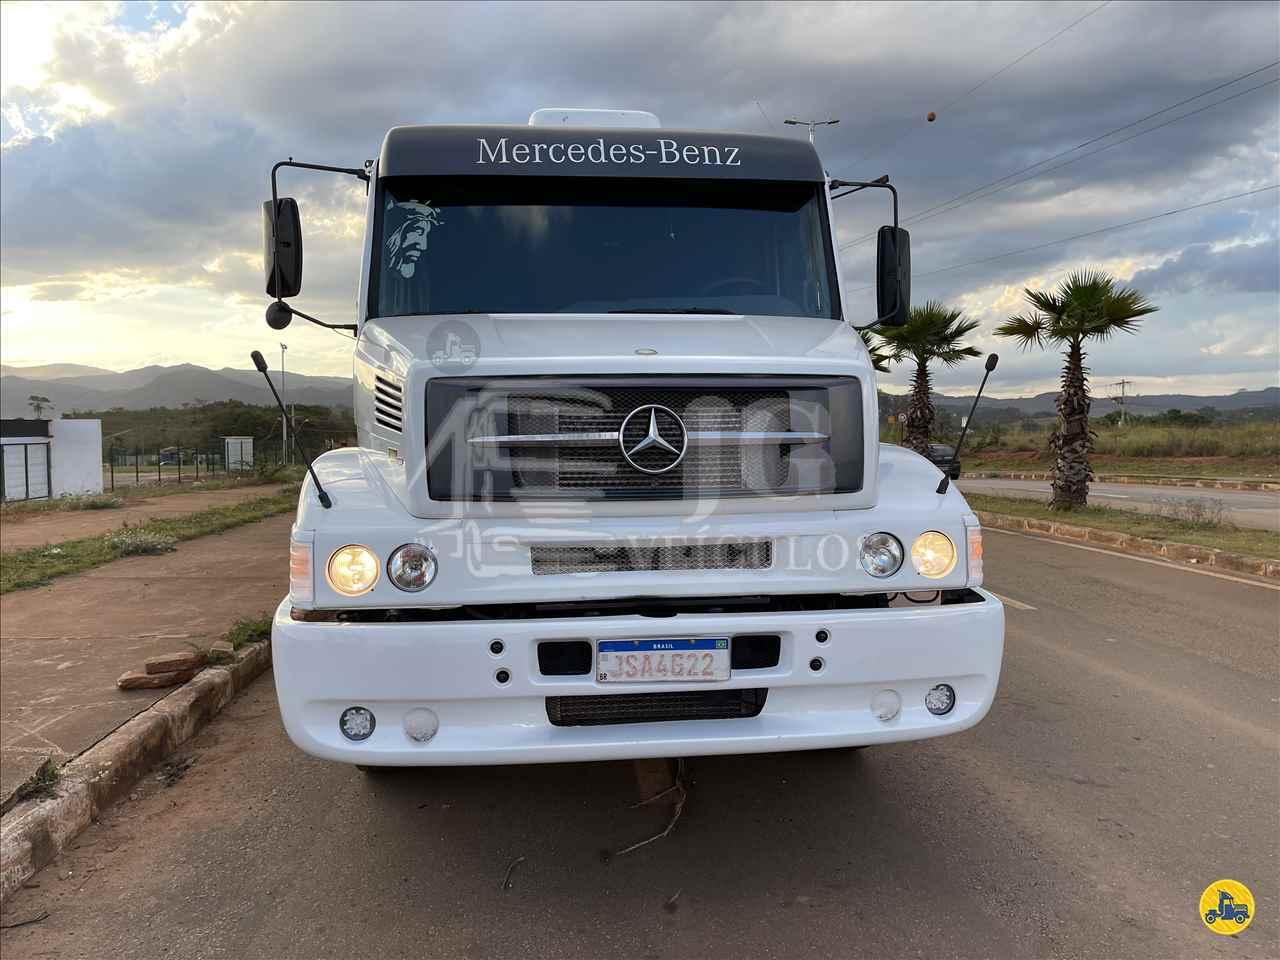 CAMINHAO MERCEDES-BENZ MB 1634 Cavalo Mecânico Truck 6x2 JG Veículos e Caminhões CONGONHAS MINAS GERAIS MG
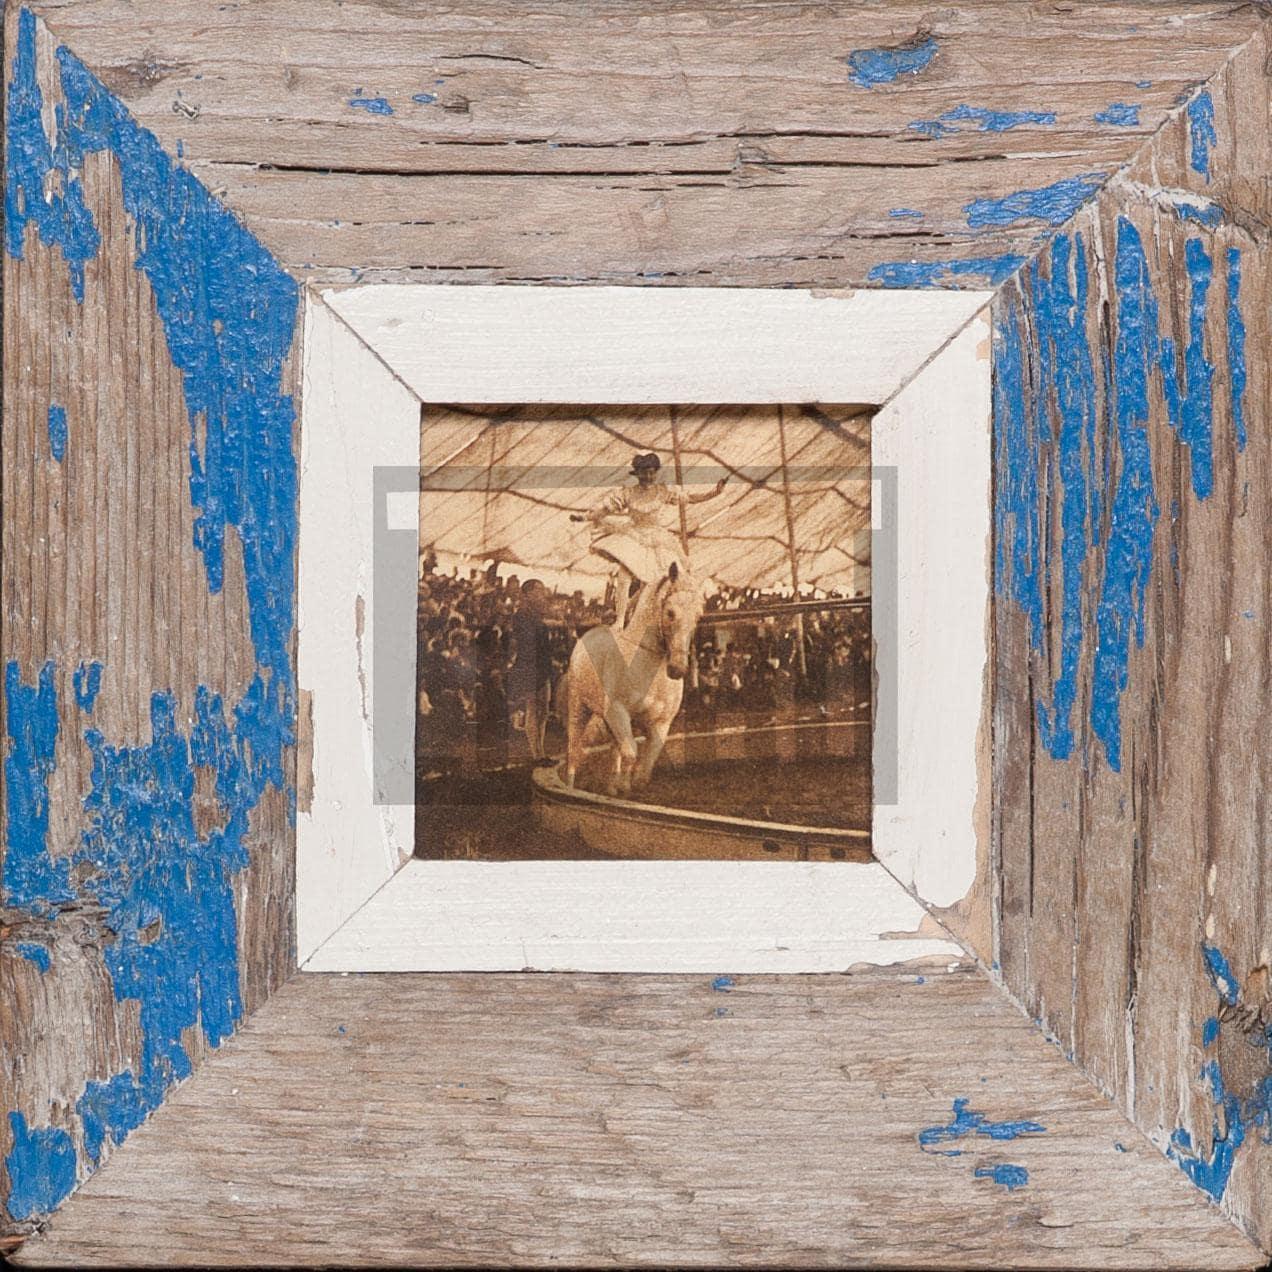 Quadratischer Altholz-Bilderrahmen für kleine quadratische Fotos
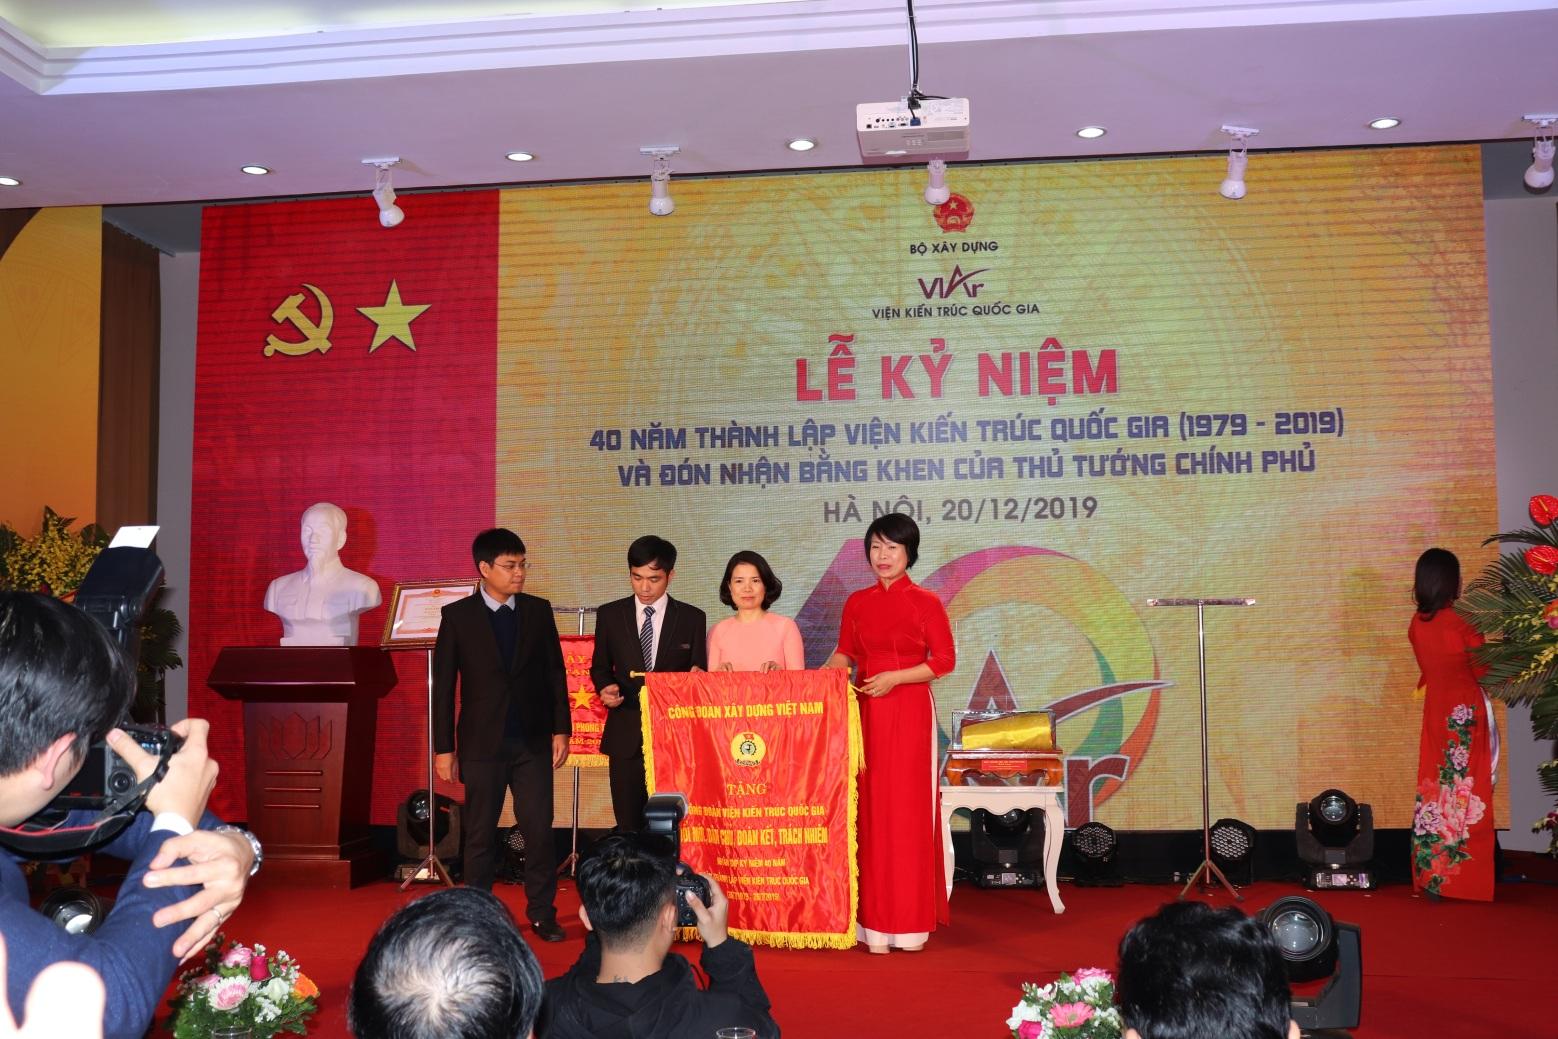 Công đoàn Xây dựng Việt Nam tặng cờ thi đua cho Viện Kiến trúc Quốc gia

********

▸ **Instructions for the task**:
What the answer needs is every line from the one containing "Quadratischer Altholz-Bilderrahmen für" through the final line of the data above, copied exactly, without pictures.

▸ **Solution below**:
 Quadratischer Altholz-Bilderrahmen für kleine quadratische Fotos
 Công đoàn Xây dựng Việt Nam tặng cờ thi đua cho Viện Kiến trúc Quốc gia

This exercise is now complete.